#4078 doc of random unclear about max value for denormalized args

[Stavros Macrakis]

UPDATE: This is a documentation bug. See the last comment.

random(f), for f a denormalized number, underrepresents 0.0 and can return f, even though the spec says that the result is strictly less than the argument.

Simple demo:

multiset(list) :=
  block([ar,idxlist,vallist,retval:[]],local(ar),
     list: map('ratdisrep,list),
     ar[x]:=0,
     for i in list do ar[i]:ar[i]+1,
     idxlist: rest(arrayinfo(ar),2),
     vallist: listarray(ar),
     kill(ar),
     while idxlist # [] do
       ( push([first(first(idxlist)),first(vallist)],retval),
         idxlist: rest(idxlist),
     vallist: rest(vallist) ),
     sort(retval))$

fpprintprec:6$

multiset(makelist(random(2e-323),i,1,1000)) =>
    [[0.0, 113], [4.94066e-324, 262], [9.88131e-324, 247], [1.4822e-323, 259], [1.97626e-323, 119]]
2e-323 => 1.97626e-323

0.0 is about half as common as it should be, and 1.97626e-323 shouldn't be returned at all.
I have tested this with larger denormalized floats as well, e.g., random(4.94e-320).

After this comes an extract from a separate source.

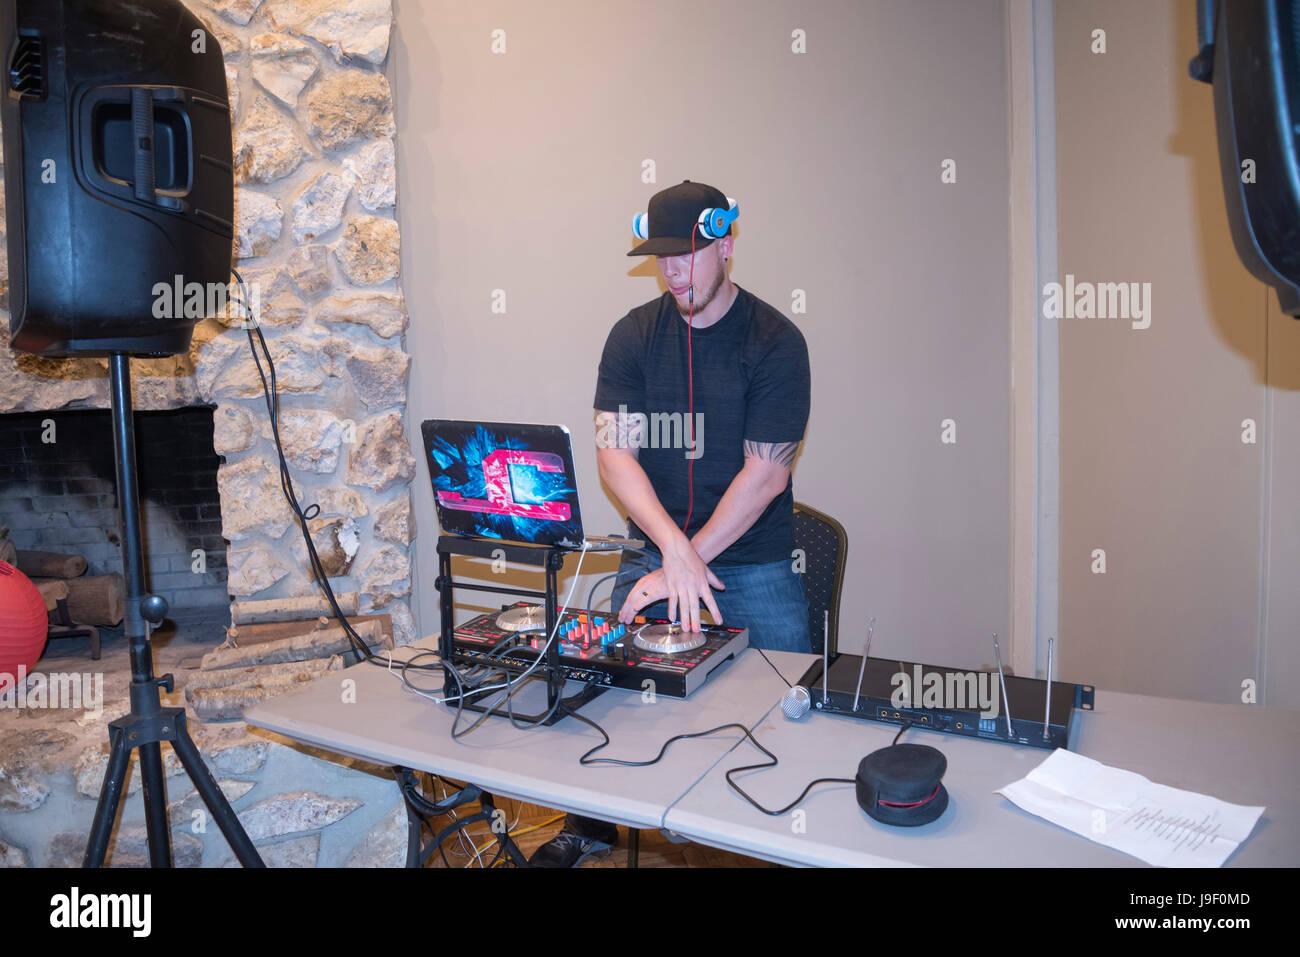 Event Disc Jockey mixes the sounds. - Stock Image

This behavior is inherited from SBCL's random function -- I will file a bug report with them.

Maxima 5.45.1 SBCL 2.0.0 Windows

[Raymond Toy]

Maxima's rand-mt19937.lisp says it's from cmucl (not that that matters much; cmucl doesn't use mt19937 anymore.)

Perhaps these are relevant: https://vigna.di.unimi.it/xorshift/, Look for the section titled "Generating uniform doubles in the unit interval". There's a link there to https://vigna.di.unimi.it/xorshift/random_real.c for generating these.

This seems like such a niche area.

[Stavros Macrakis]

Yes, it is a niche area, but I came across it honestly -- I wasn't looking for problems with random, but rather trying to use random for some testing. The current code for random(float) must be something like random(2^53)/2.0^53*float, which isn't quite right for denormalized numbers.

I believe this is a correct fix (even if not elegant): if random(a)=a, return 0.0.

[Stavros Macrakis]

i think I'm at least partially wrong. More tomorrow.

[Raymond Toy]

The comment in the code for %random-double-float says

Handle the single or double float case of RANDOM. We generate a float in [0d0, 1d0) by clobbering the mantissa of 1d0 with random bits (52 bits); this yields a number in [1d0, 2d0). Then 1d0 is subtracted.

I believe this means the lowest bit of the fraction is always 0, so we're missing one bit.

This is then multiplied by the arg of random.

The xoroshiro link says that to get a random float in the interval the same interval you should probably be (x >> 1) * 2^-53, were x is a 64-bit unsigned integer.

I'm guessing, but if this matters, we should use the algorithm given in random_real.

[Stavros Macrakis]

I was wrong. The current distribution of values of random(<denorm>) is in fact correct. It is the documentation that is subtly wrong. random(x) for float x in effect generates a random real (not float) number in the interval [0,x). It then rounds it to the nearest floating-point number.

The interval [0,x) can be broken up into equivalence classes defined by "nearest floating point number". Calling the smallest float ε, those intervals are (0,ε/2)(ε/2,3*ε/2)(3*ε/2,5ε/2) ... (x-ε/2,x). That is, the first and last intervals are half the size of the other intervals, so should appear half as often as the others.

The only error is that random is defined to return a number "less than <x>". In fact, it should be "less than or equal to <x>". For <x> in a normal range, this hardly matters, since the probability of returning <x> is tiny.</x></x></x></x>

So I will change this to a documentation bug.

[Raymond Toy]

But based on the code, random(x) should return a value less than x. Unless I'm missing something. And we should be consistent. If random(x) can return x for floating-point values of x, then it should also return x when x is an integer. For integers, I don't think that's possible because it does (rem bits x).

Note that this method has a bias. Perhaps it should be replaced by a method that doesn't have the bias. But that's a different bug. Perhaps people aren't generating enough values to notice the bias.

[Stavros Macrakis]

The only time anyone will notice that x is a possible value for random(x) (with float x) is for small denormalized numbers. For normalized numbers, the probability of generating exactlyx is something like 2^-52 = 10^-16.

This is very different from the integer case.

[Raymond Toy]

Ok, I think random(x) producing x only happens when x is a denormal because there aren't enough bits left to represent the product of 0.9999999999999998*x. The number 0.999...8 comes from how %random-double-float generates a large integer and smashes that into a double. When x is not a denormal, there are enough bits so that 0.999...8*x has enough bits so that the product is not x. I think.